**Exercise prompt:** When you return the material, keep every line exactly as it is and omit the pictures.

**Recorded information:**

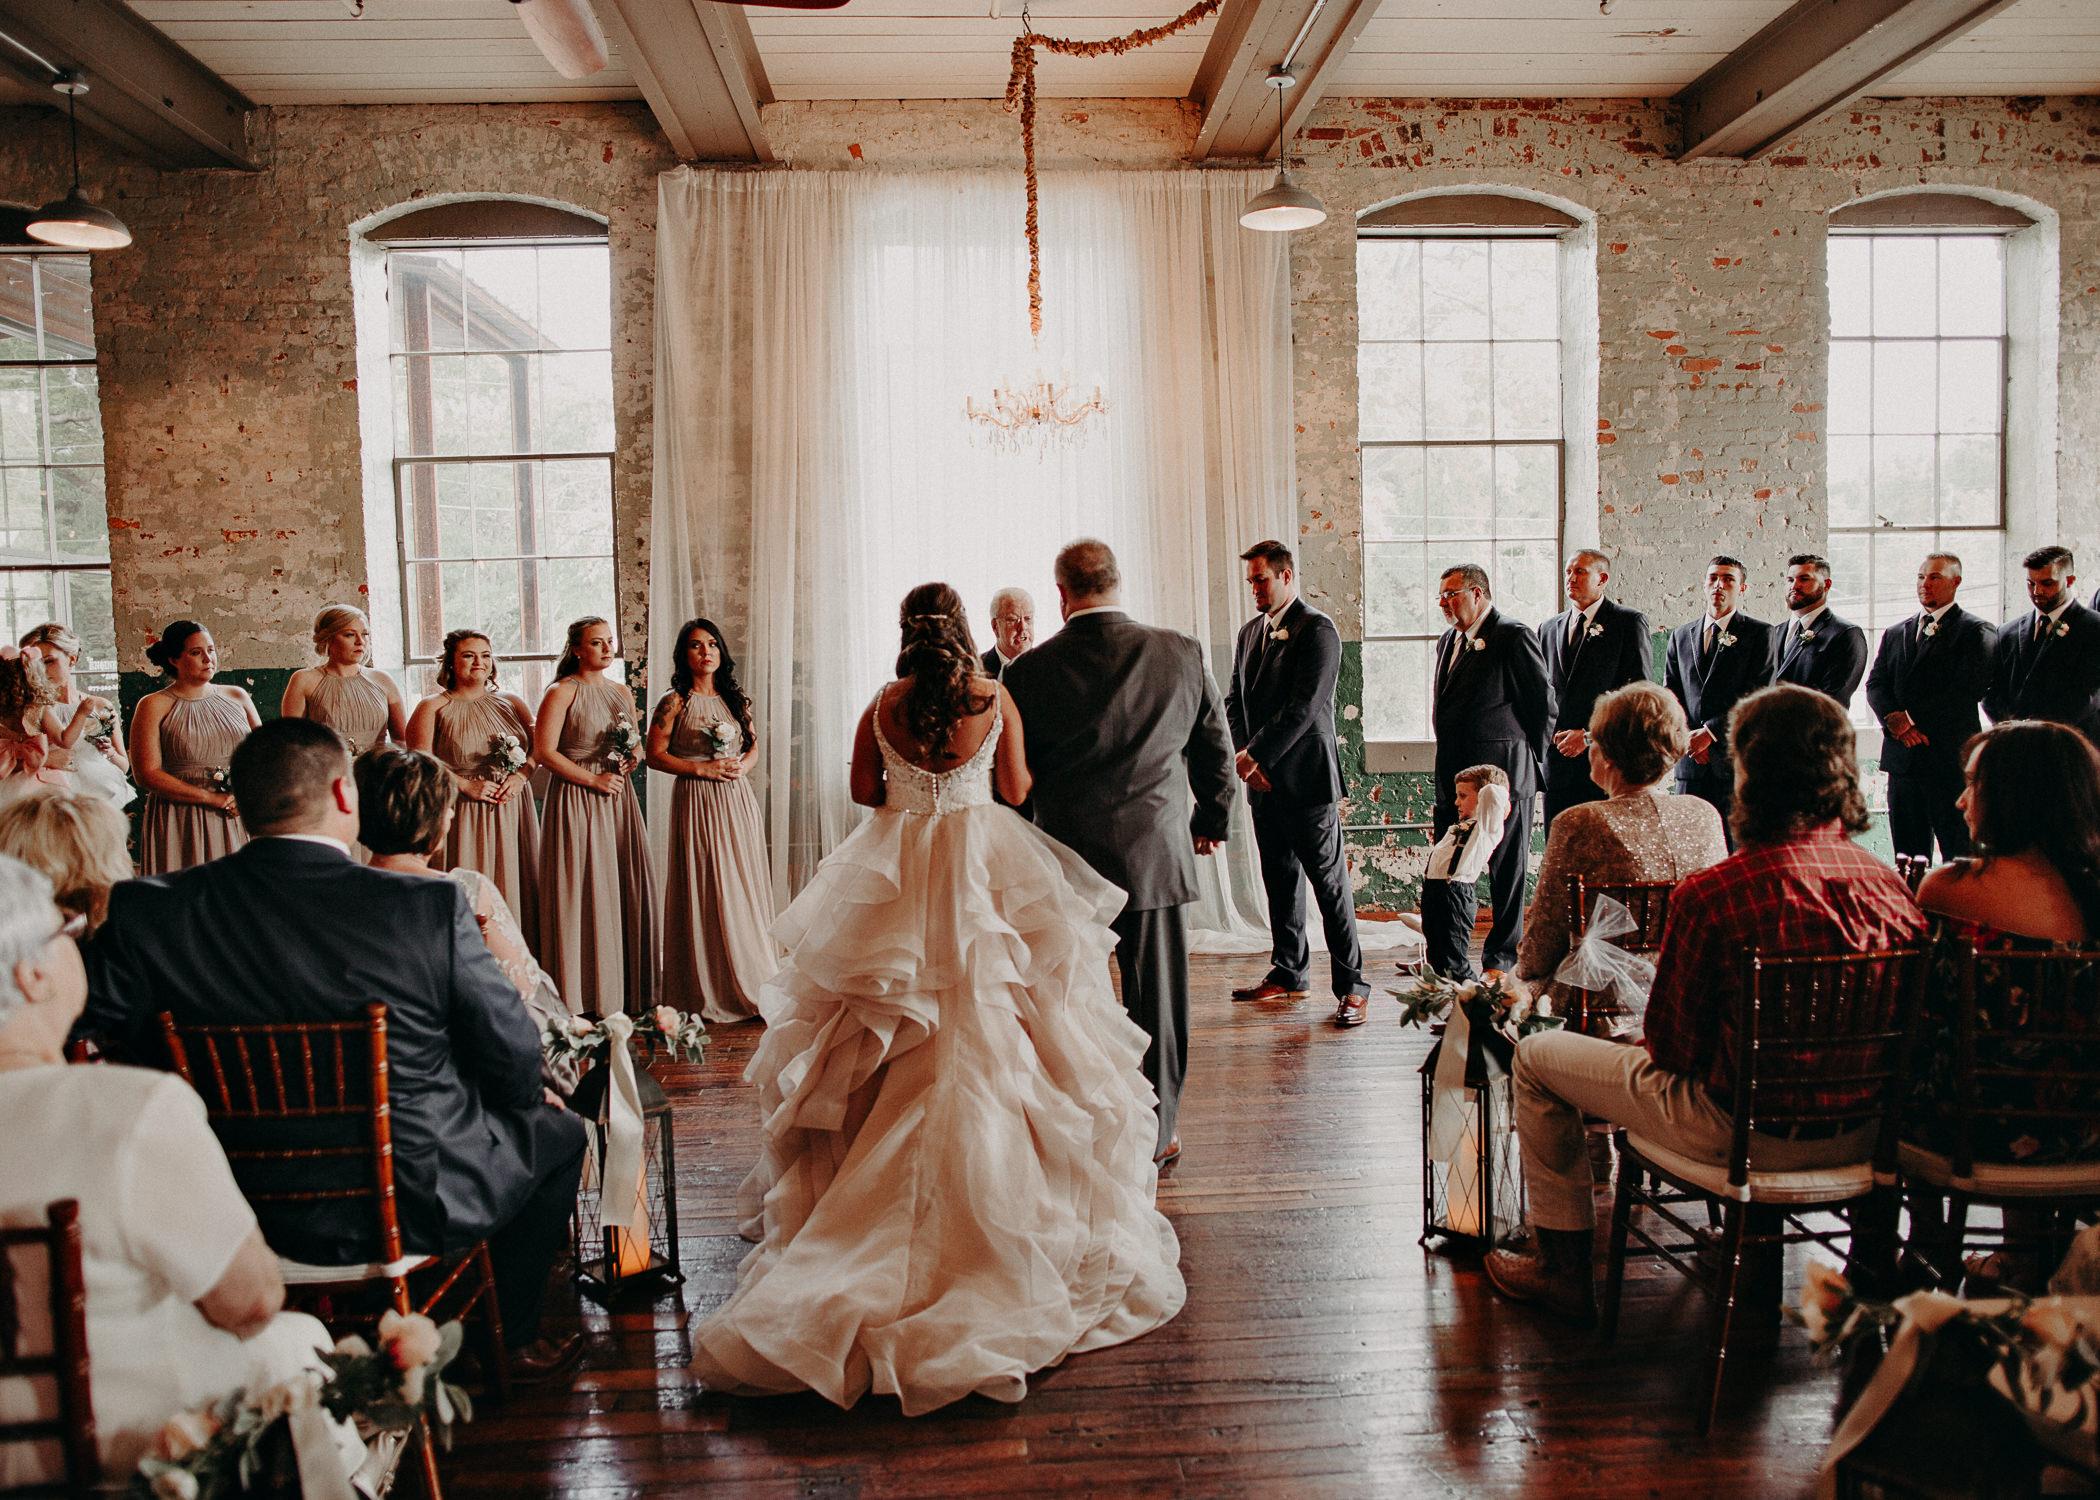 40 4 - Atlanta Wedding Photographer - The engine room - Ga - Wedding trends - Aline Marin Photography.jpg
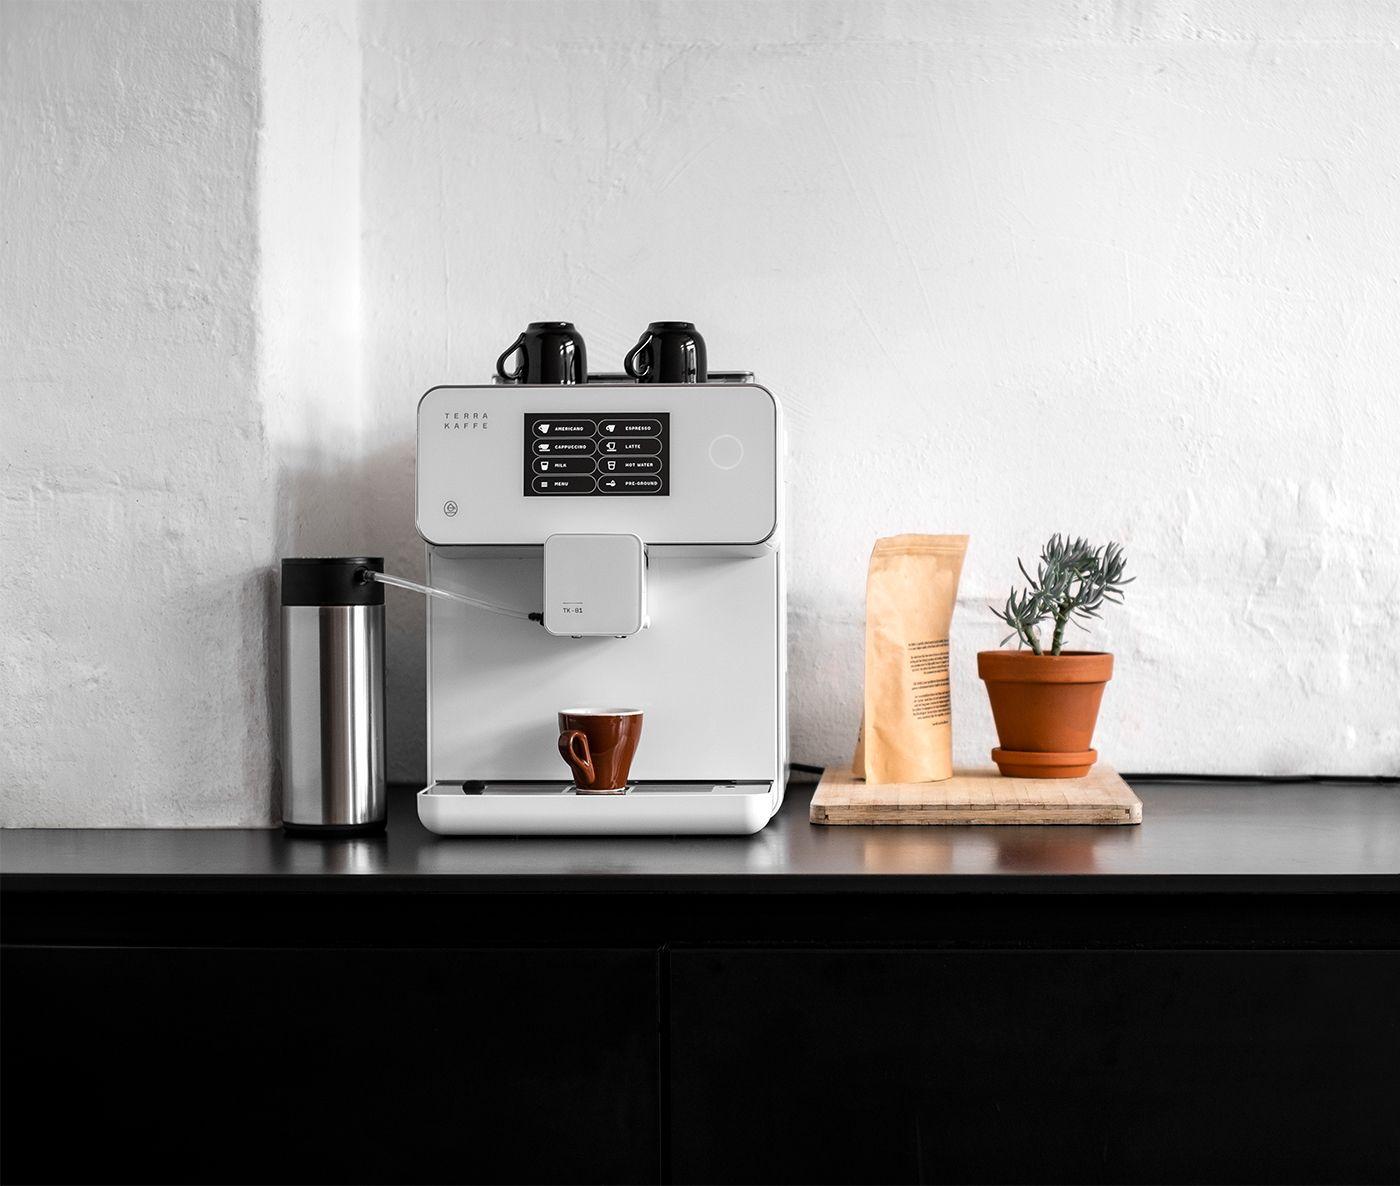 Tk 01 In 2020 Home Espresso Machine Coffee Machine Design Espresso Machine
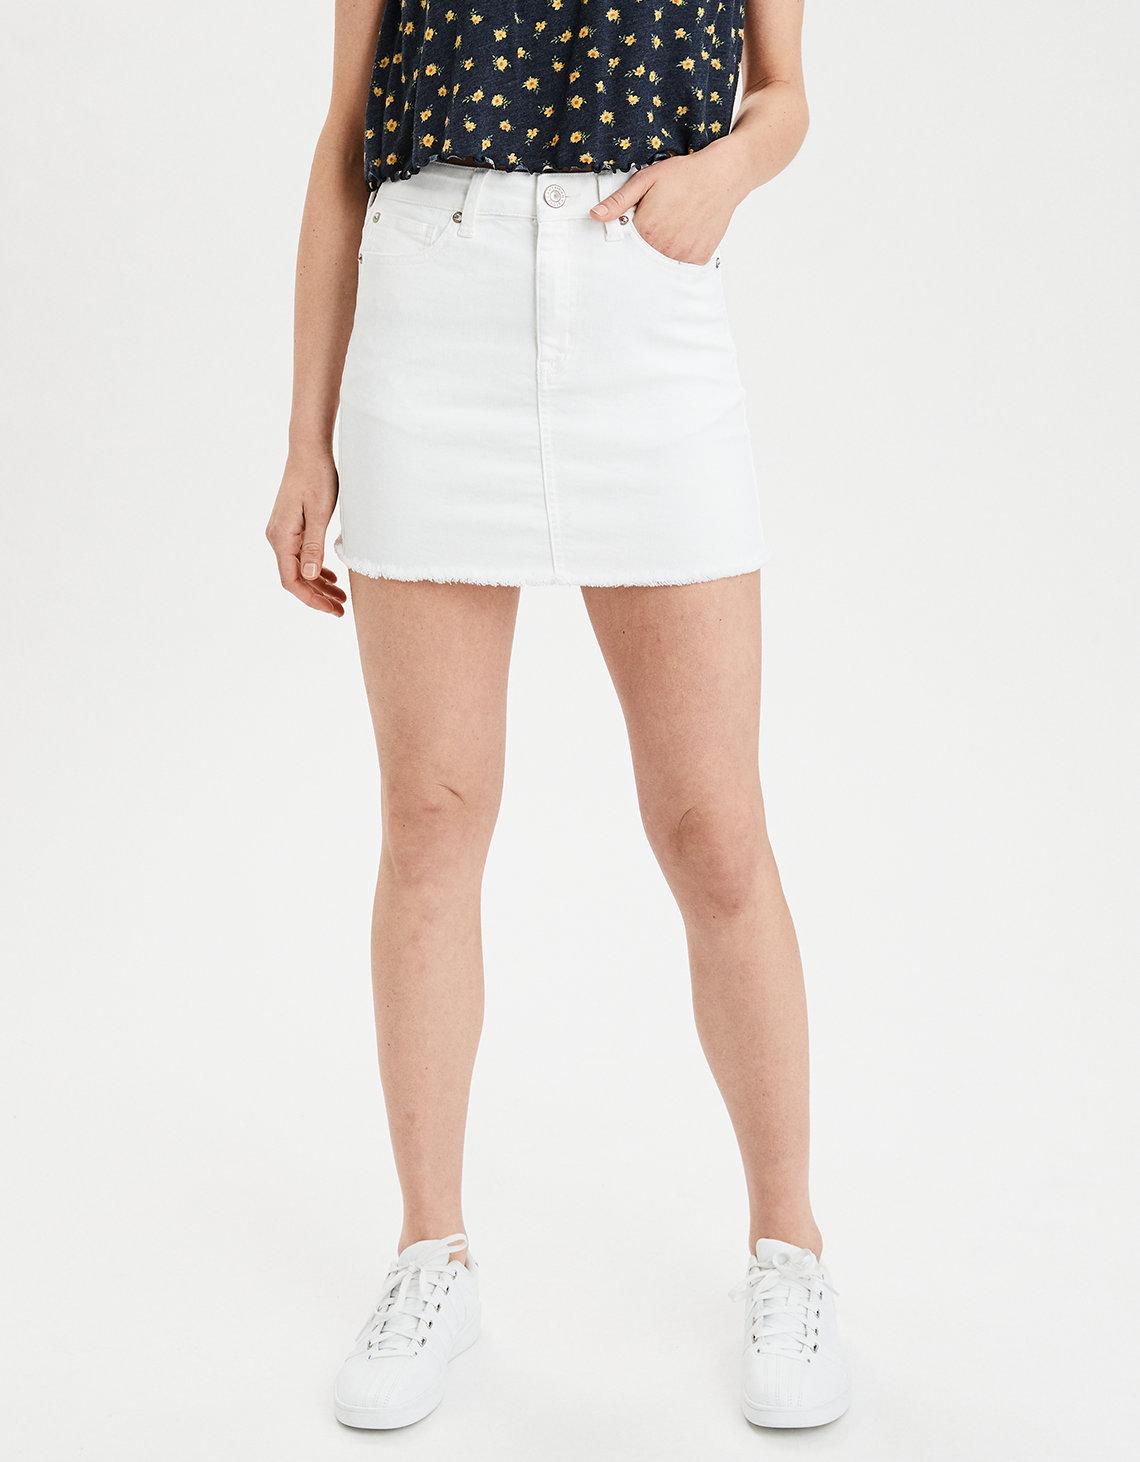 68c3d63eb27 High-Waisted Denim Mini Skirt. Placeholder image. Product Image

**Task response:**
 40 4 - Atlanta Wedding Photographer - The engine room - Ga - Wedding trends - Aline Marin Photography.jpg
 Tk 01 In 2020 Home Espresso Machine Coffee Machine Design Espresso Machine
 68c3d63eb27 High-Waisted Denim Mini Skirt. Placeholder image. Product Image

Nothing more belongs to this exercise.